The pore size distributions of unheated and pyrolyzed samples are presented in Figure 11. In these samples, the pore sizes were distributed across two main size intervals of 4–30 nm and 30–100 nm, which can be generalized as mesopores (pore diameter: 2–50 nm) and macropores (pore diameter: >50 nm), respectively (Figure 11). The surface area of the unheated sample was relatively low, and the pores were mainly mesopores with 4–30 nm diameters (Figure 11). The pore volume of mesopores gradually increased with an increase in VR from 0.77%Ro to 1.76%Ro (Figure 11). This increase in mesopores may be a response to peak hydrocarbon generation, which appears at a VR of 1.5%Ro (Wu et al., 2018a). At VRs beyond 1.76%Ro, there was no obvious further increase in the pore volume of mesopores; instead, there were merely small fluctuations (Figure 11). For the macropores, pore volume gradually increased with an increase in VR from 0.77%Ro to 2.44%Ro (Figure 11). We suspect that these macropores are related to the decomposition of inorganic minerals during the pyrolysis experiments because they increased with increasing thermal maturity.
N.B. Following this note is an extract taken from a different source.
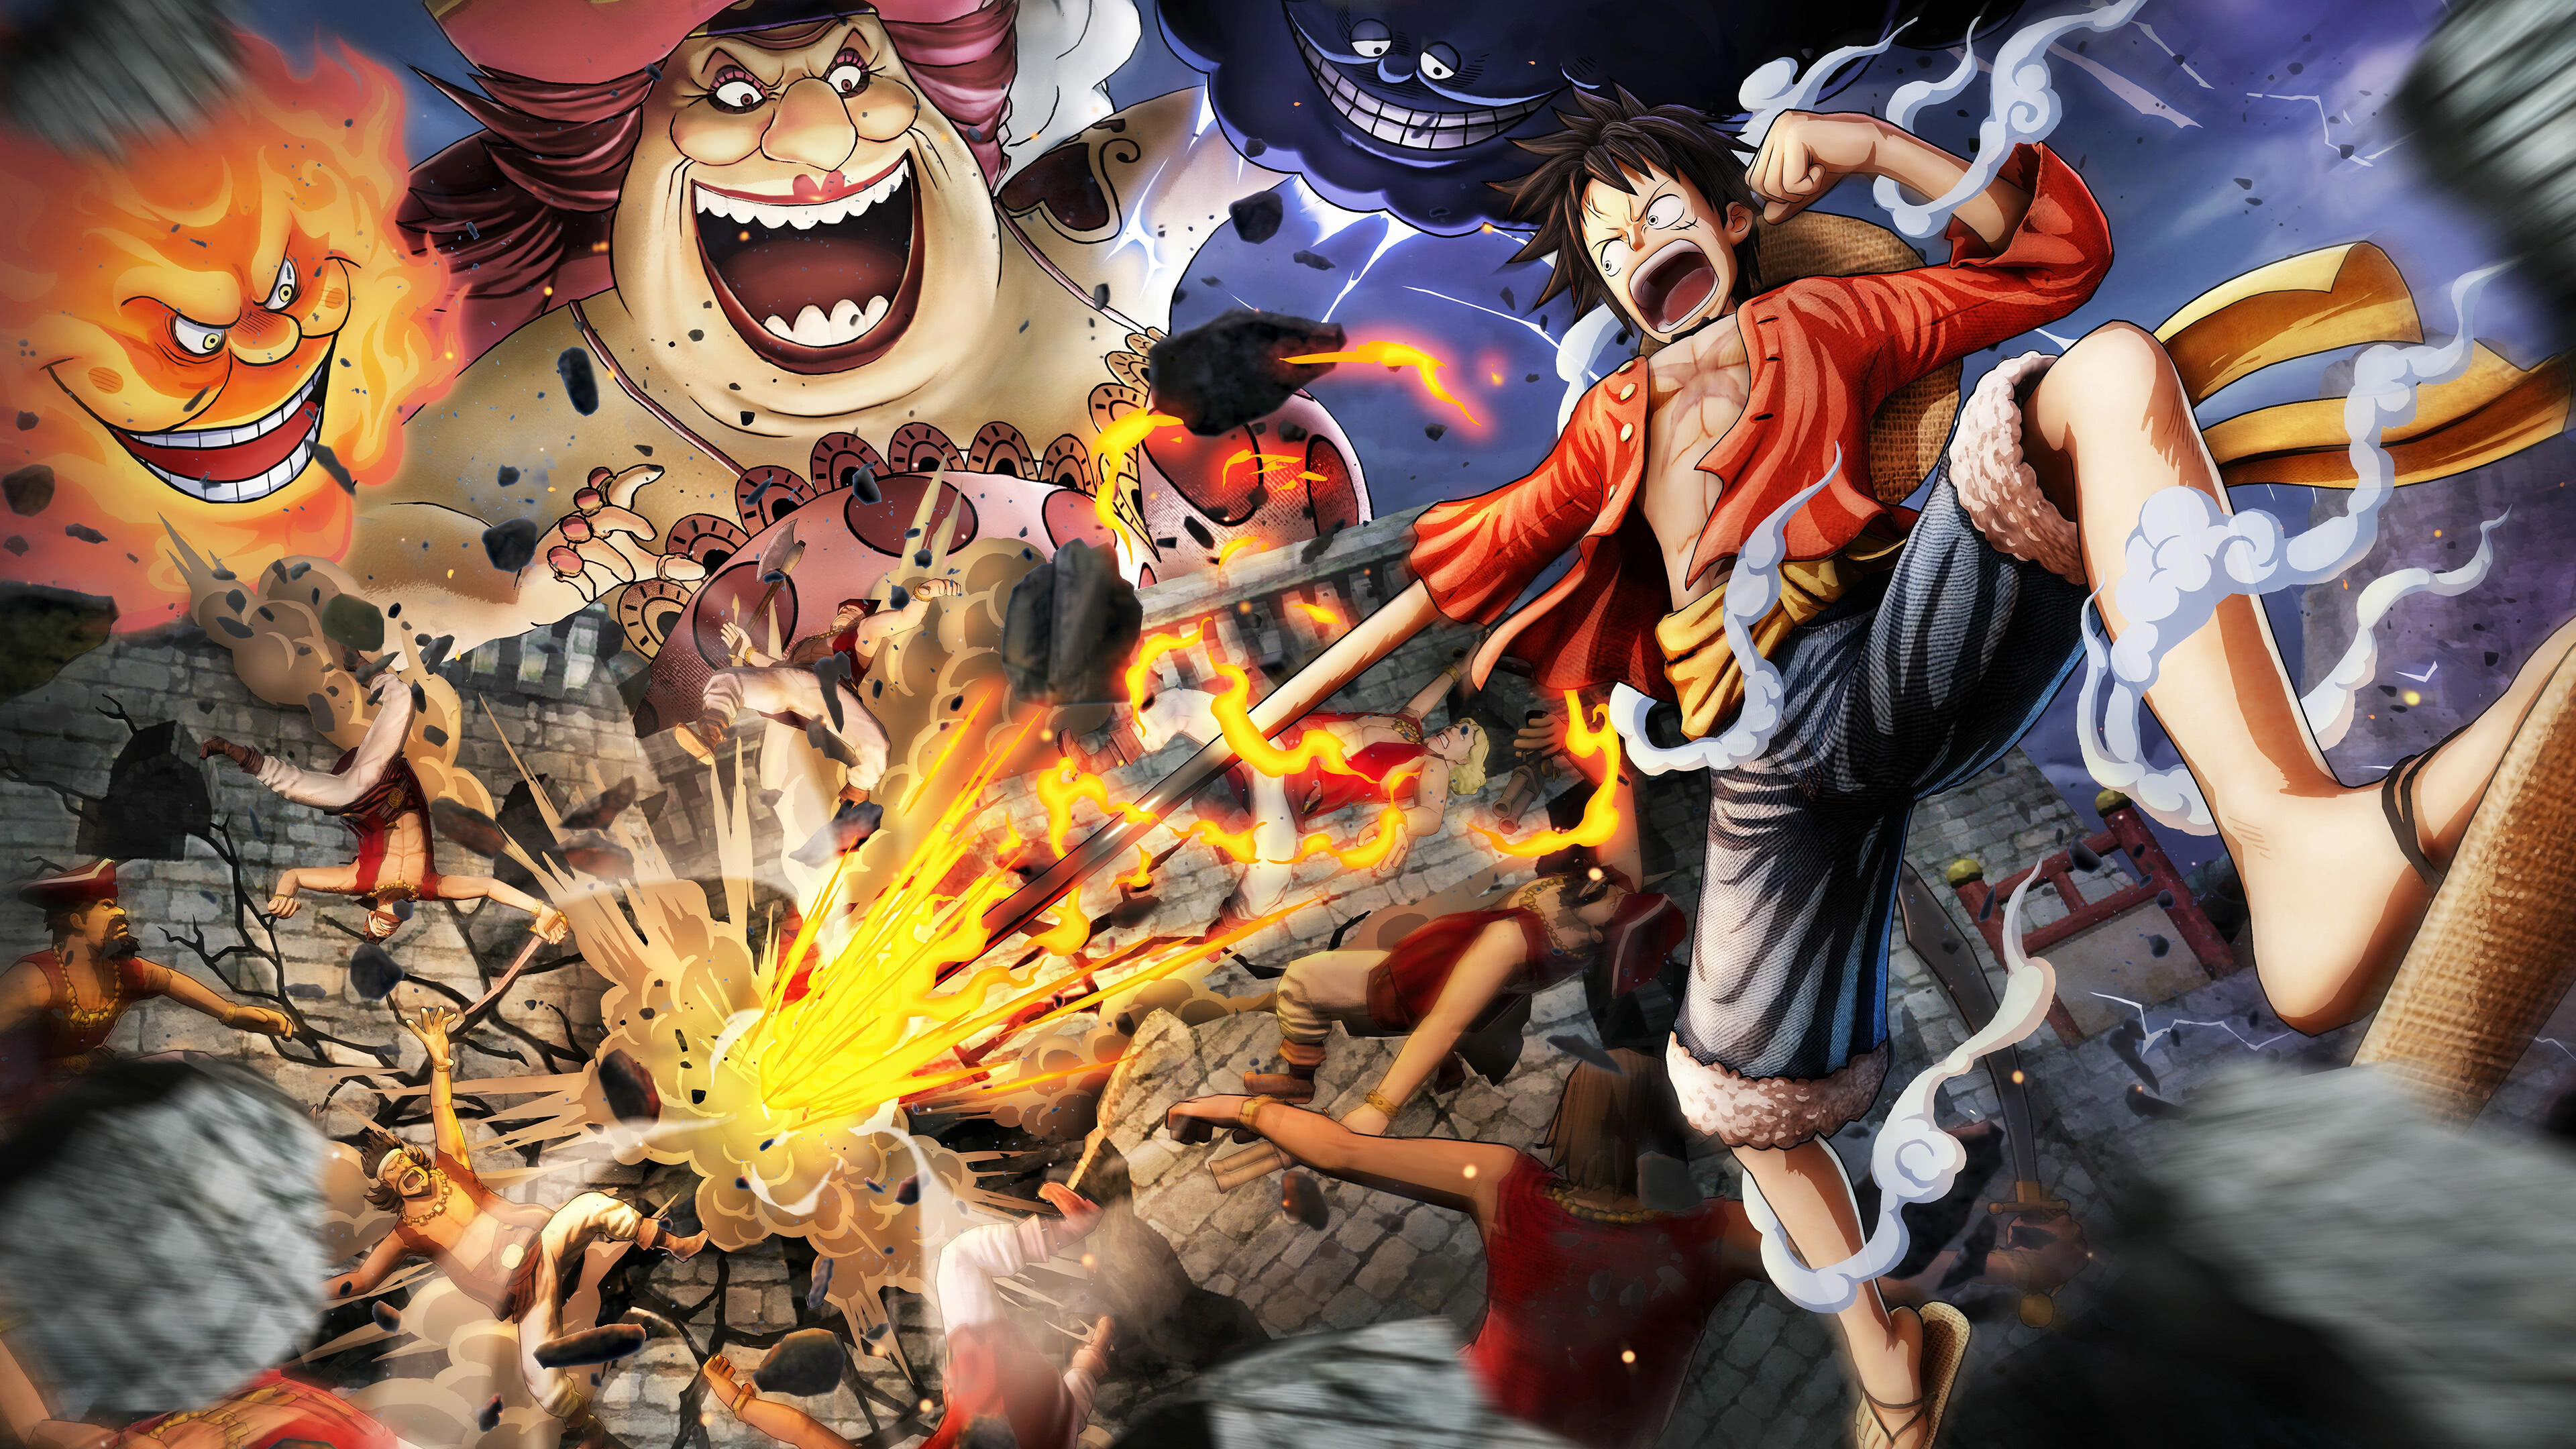 One Piece Pirate Warriors, UHD wallpaper, Epic battles, Adventure awaits, 3840x2160 4K Desktop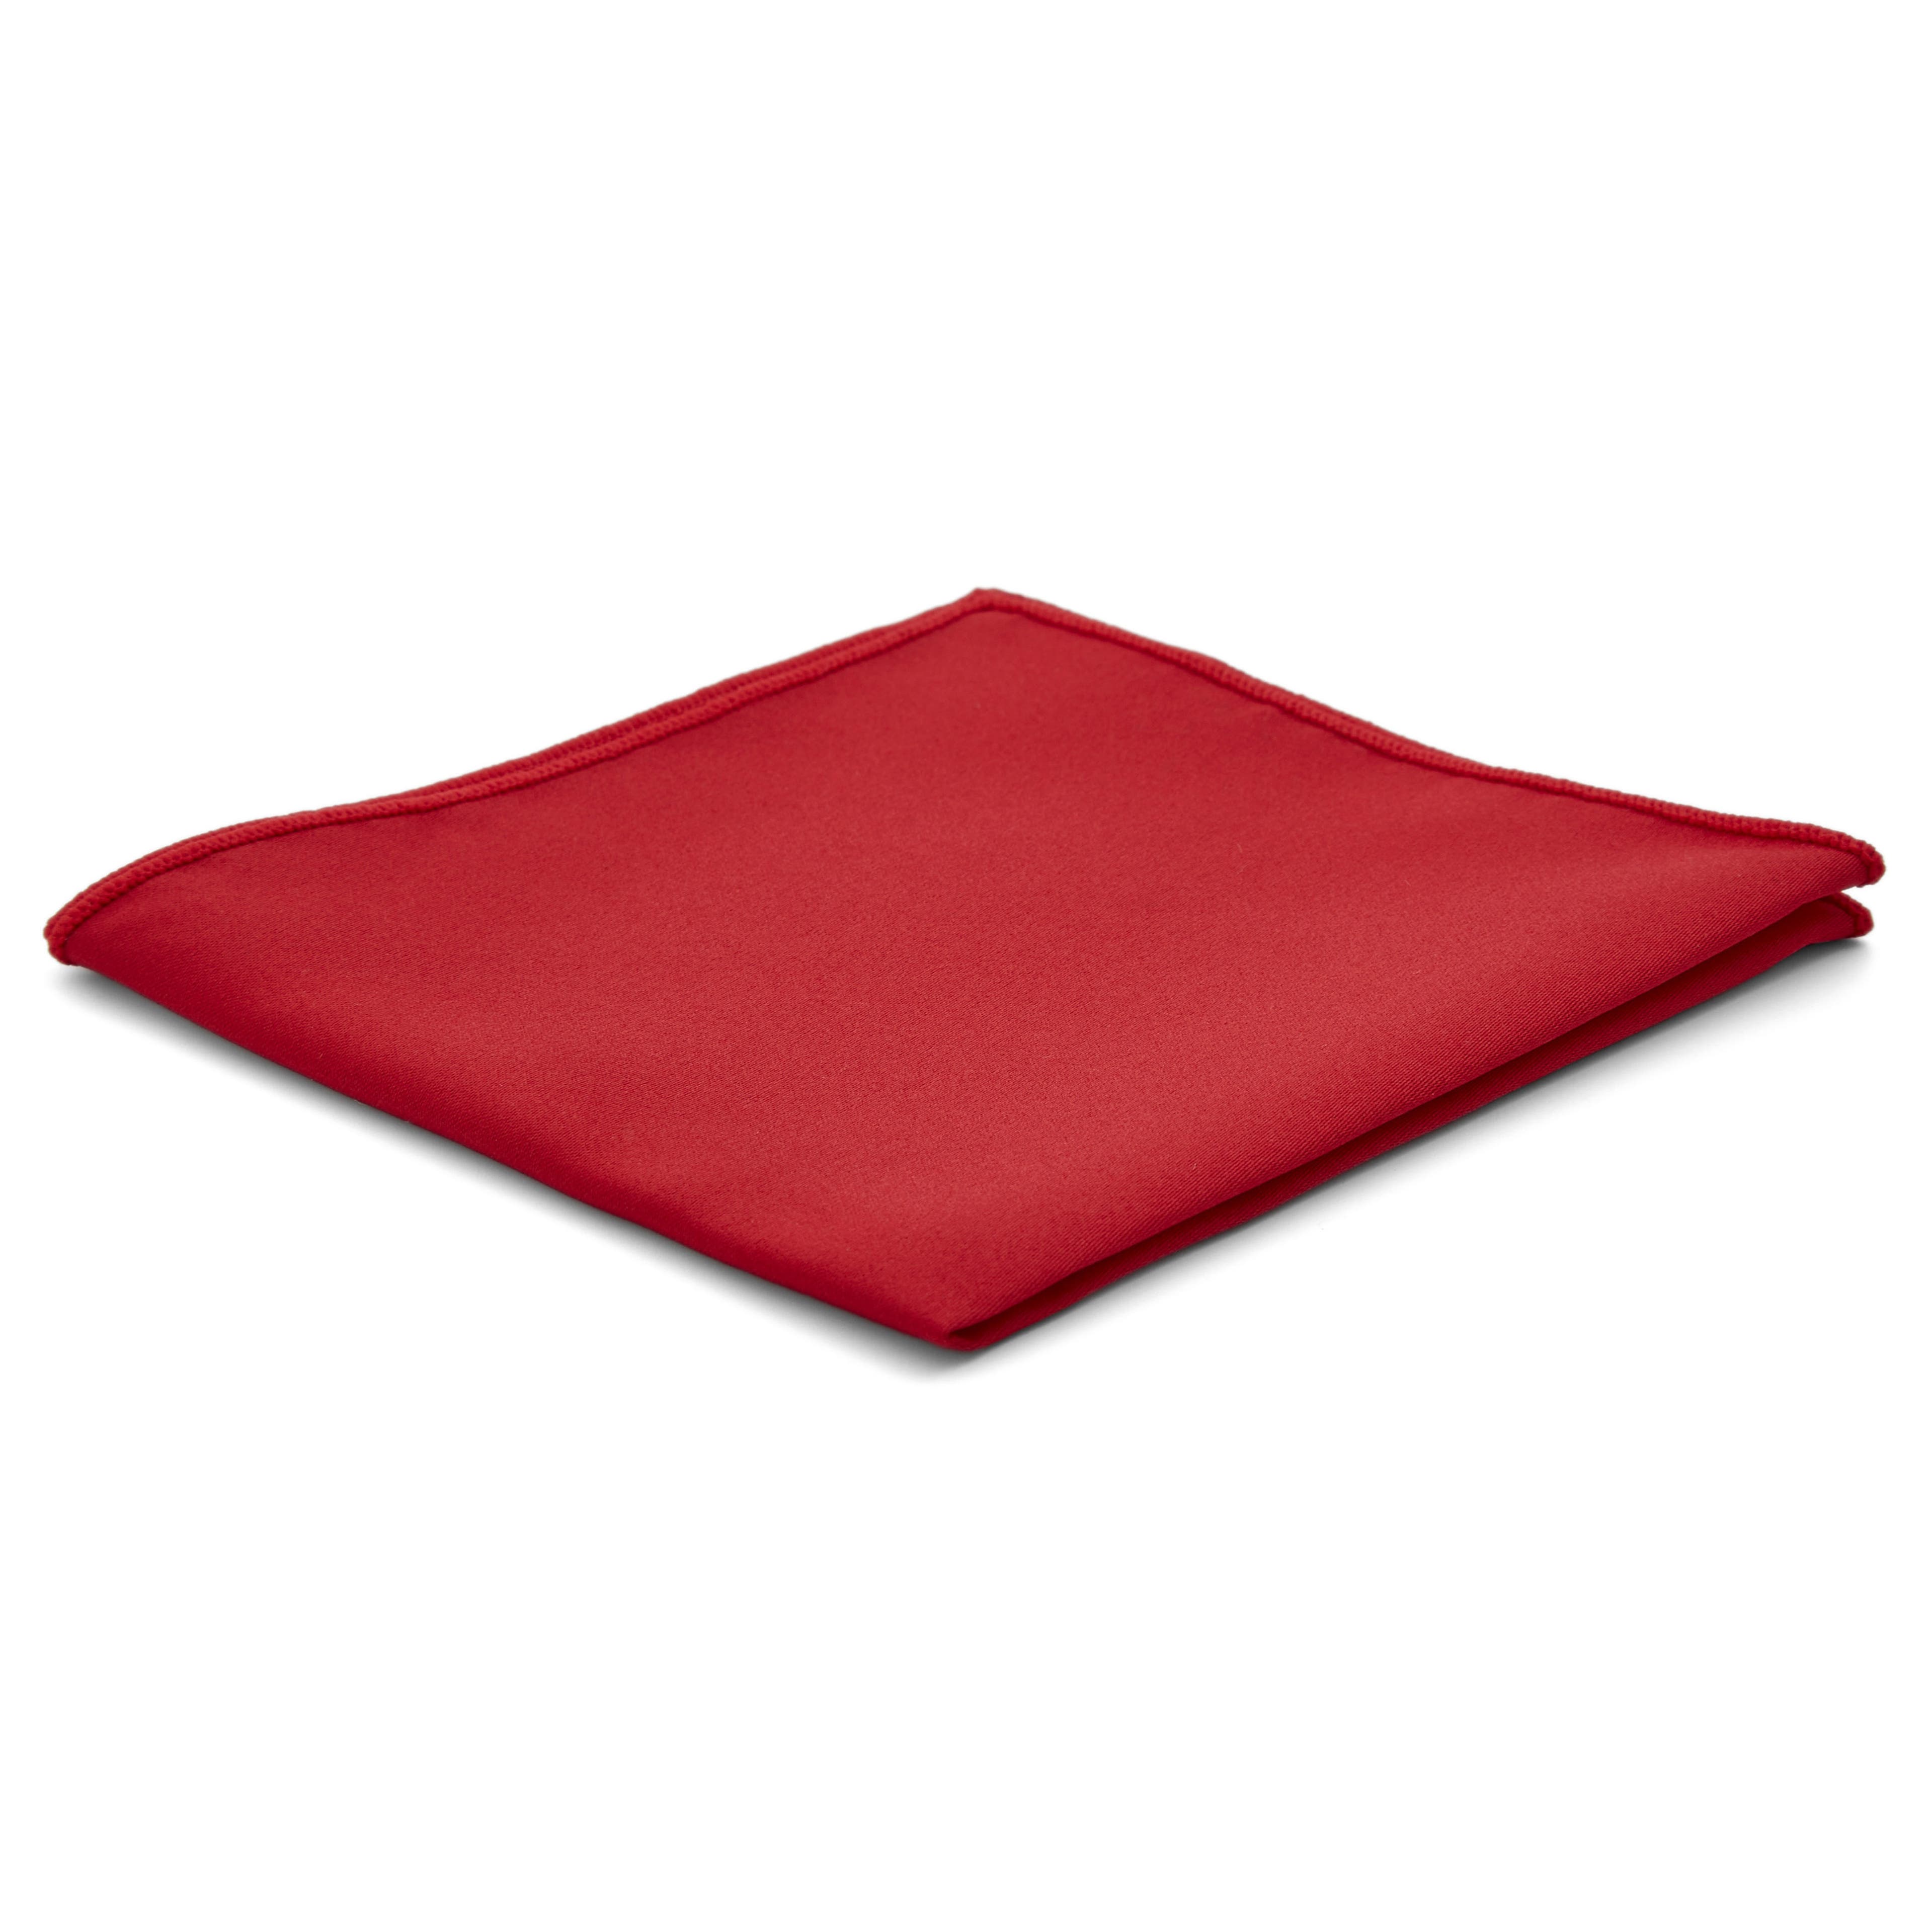 Red Basic Pocket Square

The changes in pore volume and surface area show that there were two evolutionary stages in the hydrous pyrolysis of the calcareous shale: 1) a rapid increase stage coinciding with the hydrocarbon generation peak; and 2) a relatively stable stage after the hydrocarbon generation peak. The results show that pore structure evolution in the calcareous shale resulted from two different pore type behaviors: the pore volume and surface area of pores over 30 nm increased gradually, while the volume of pores under 30 nm firstly increased and then continuously decreased after the hydrocarbon generation peak.
3.2.3 NMR T2 distribution
Nuclear magnetic resonance is an effective method to characterize the pore size distribution (PSD) of source rocks in a non-destructive manner (Xin et al., 2019; Zheng et al., 2019; Nie et al., 2021; Ma et al., 2022). The transverse relaxation time (T2) and pore size (r) are related by r = C*T2, in which C is a constant (μm/ms). Therefore, the T2 measured by NMR can directly reflect the pore size distribution of rock samples, and a higher T2 value corresponds to a larger pore radius (Xu et al., 2018; Meng et al., 2021). In addition, the connectivity among pores can also be obtained using NMR.
Figure 12 presents the NMR analysis results from the calcareous shale, before and after pyrolysis. Overall, NMR peaks occurred at approximately 1, 10–100, and 100–1,000 ms, which indicated that mesopores and micropores in both the calcareous shale and the pyrolyzed samples were more developed (Figure 12). This result is consistent with previous investigations, such as Zheng et al. (2019) and Xin et al. (2019). The T2 distribution of the original calcareous shale showed a trimodal distribution, with the left-hand peak being the highest, indicating a high micropore content and low content of medium‒large pores before the pyrolysis experiment (Figure 12). After pyrolysis, the peak height of the micropores increased, while that of the macropores decreased, and all three peaks gradually shifted to the left, representing an increase in micropores and a decrease in macropores (Xin et al., 2019). These changes may be due to the disappearance of primary pores and the further development of secondary pores and fractures. In subsequent experiments, with an increase in VR, the shape of the T2 spectrum did not change, but the peak height of the main peak kept rising, which confirmed the development of secondary pores and fractures.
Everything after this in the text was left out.